JAMBI, KOMPAS — Kehadiran puluhan industri pengolahan hasil tambang minyak ilegal di Kabupaten Batanghari, Jambi, dikeluhkan warga. Selain mencemari lingkungan, industri itu juga mematikan perekonomian masyarakat setempat.
Warga Desa Batin, Kecamatan Bajubang, Widi, mengatakan, sejak usaha pengolahan minyak hasil tambang ilegal marak enam bulan terakhir, masyarakat mengeluhkan kondisi udara tercemar limbah asap.
”Udara semakin kotor. Lantai rumah juga cepat berdebu,” ujar Widi, Selasa (2/4/2019).
Selain itu, tanaman karetnya pun tak lagi menghasilkan banyak getah. ”Produksi getah sekarang ini turun drastis,” lanjutnya.
Usaha-usaha pemasakan minyak hasil tambang ilegal banyak dibangun di perkebunan karet rakyat di Bajubang. Karena dianggap menguntungkan, para pemilik tanah pun rela menyewakan lahannya untuk dibuka.
Terlebih lagi, harga karet akhir-akhir ini masih lemah. Baru belakangan petani menyadari produksi getah karet terdampak usaha tersebut.
Kepala Dinas Lingkungan Hidup Kabupaten Batanghari Parlaungan Nasution menyatakan, usaha-usaha pemasakan minyak tersebut tak punya izin alias ilegal. Aktivitas produksinya juga tidak memperhatikan keselamatan manusia dan lingkungannya.
Karena pemasakannya tidak sesuai standar, kerap terjadi ledakan selama proses produksi berjalan. Limbah asap dan limbah cair sisa pemasakan pun terbuang langsung ke lingkungan sekitarnya sehingga mematikan beragam mikroorganisme di dalam tanah.
Paparan asap pembakaran pun mengakibatkan tanaman stres sehingga produktivitasnya rentan menurun. Hal itu berdampak pada karet, sawit, dan tanaman buah. Jika dibiarkan berlanjut, tanaman akan mati.
Ujilaboratorium
Hasil uji laboratorium sampel air dari lokasi tambang minyak ilegal di Desa Pompa Air dan Desa Bungku di Bajubang menunjukkan kerusakan lingkungan.
Pengujian sampel yang diambil di 4 lokasi, yakni Danau Merah, Sungai Berangan Hulu, Sungai Berangan Hilir, dan air sumur warga, menunjukan tingginya pencemaran.
Di Danau Merah, tingkat kekeruhan dan kepekatan sangat tinggi melampaui ambang batas toleransi. Kadar minyak dan lemak bahkan mencapai 10.824 mg/l, melebihi ambang batasnya sebesar 1 mg/l.

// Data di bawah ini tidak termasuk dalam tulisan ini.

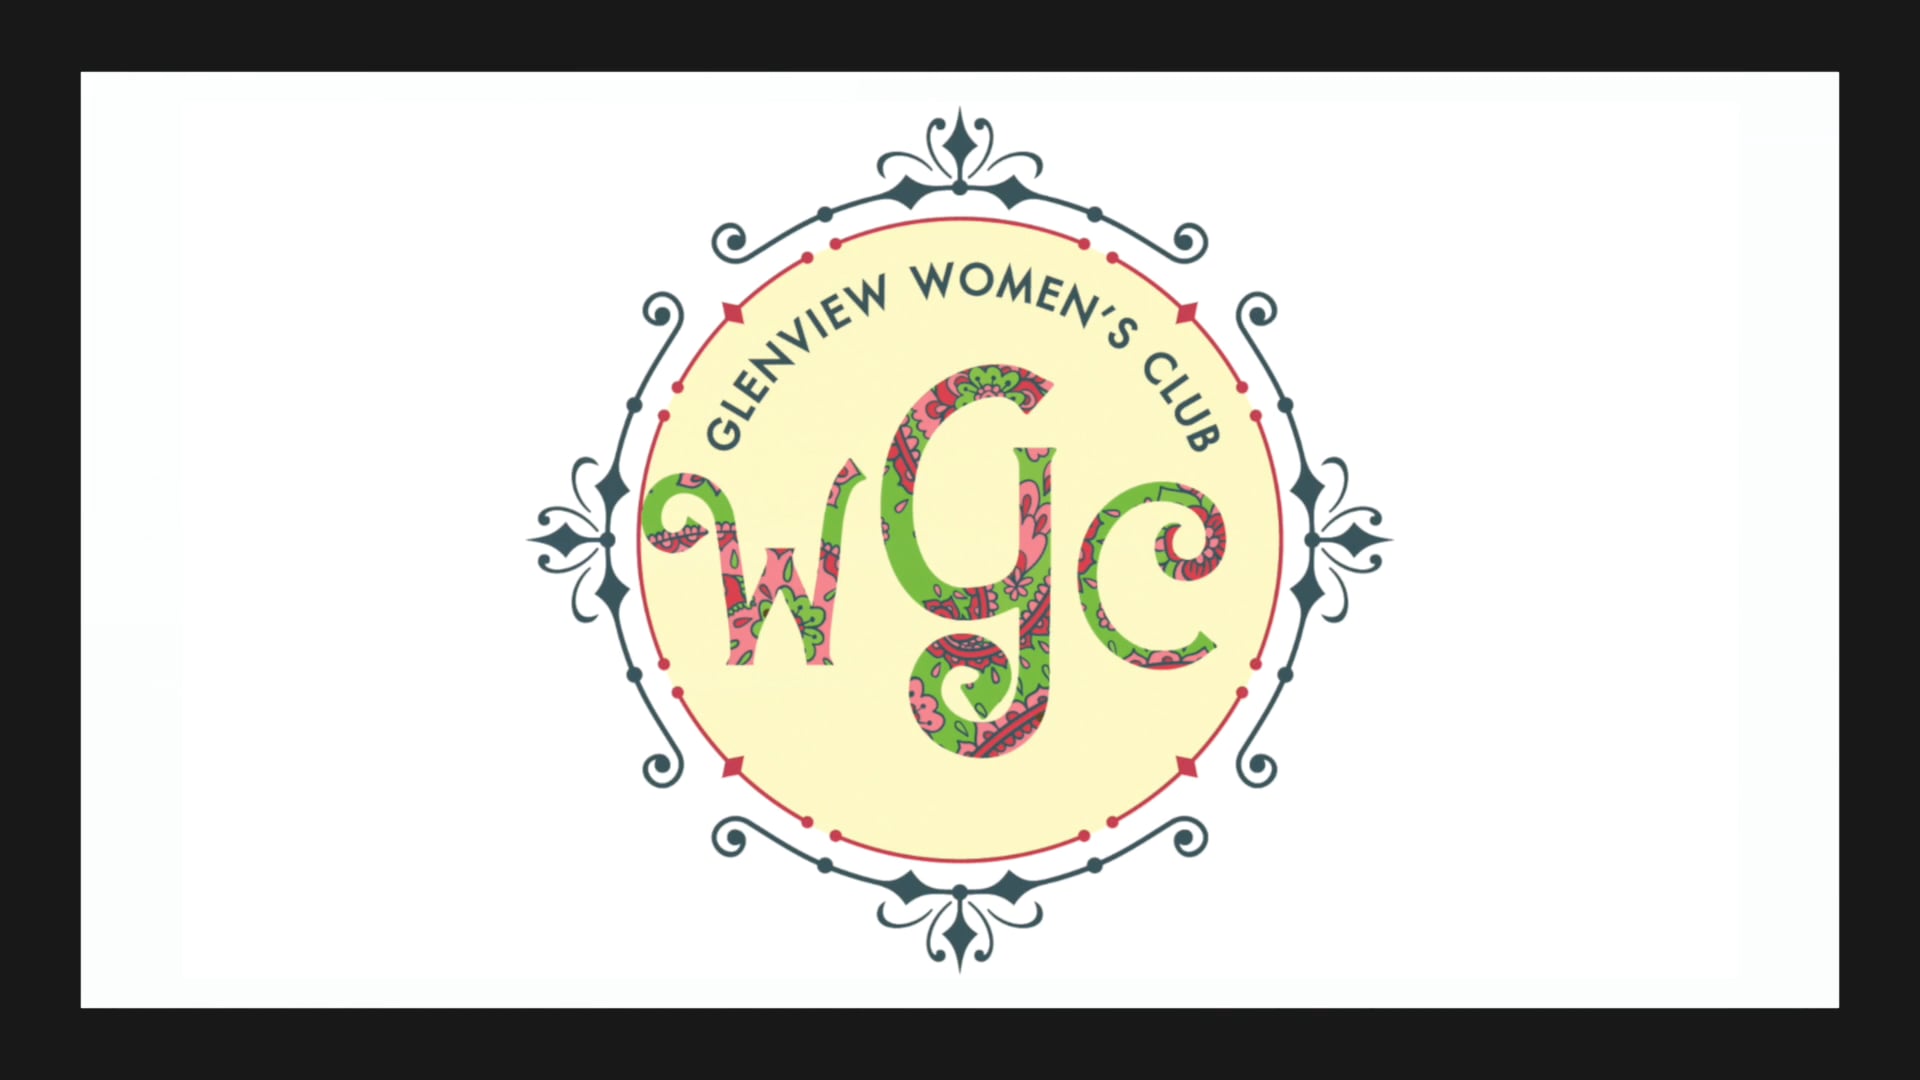 Glenview Women's Club

Begitu pula kadar hidrogen sulfida mencapai 0,800 mg/l atau jauh melampaui ambang batas 0,02. Berlebihnya kadar gas beracun itu akan mengganggu kesehatan manusia dan juga memicu terjadinya kebakaran.
Kepala Dinas Lingkungan Hidup Jambi Evi Primawaty mengatakan, secara kasatmata saja sudah terlihat beratnya pencemaran yang terjadi di sana. ”Dengan kondisi tercemar separah ini, akan sangat berat upaya pemulihan lingkungannya,” ujarnya.
Akan tetapi, lanjutnya, pemulihan lingkungan tidak mungkin dapat dilakukan selama penegakan hukum tidak berjalan. Ia menilai, upaya itu harus dilakukan secara terpadu.
Atas dasar itu, Gubernur Jambi pada Oktober 2018 menyurati Menteri Koordinator Politik, Hukum, dan Keamanan agar segera turun tangan. Namun, aktivitas tambang liar di sana belakangan semakin parah.
Lebih dari 1.500 sumur pengeboran minyak ilegal beroperasi di Kecamatan Bajubang. Aktivitas tambang liar itu berlangsung terorganisasi dan merambah wilayah kerja pertambangan PT Pertamina (Persero), termasuk kawasan Taman Hutan Raya Sultan Thaha Syaifuddin. Hasil tambang dipasok ke usaha-usaha pemasakan minyak, lalu didistribusikan ke berbagai sektor usaha, khususnya pada pengecer bahan bakar minyak.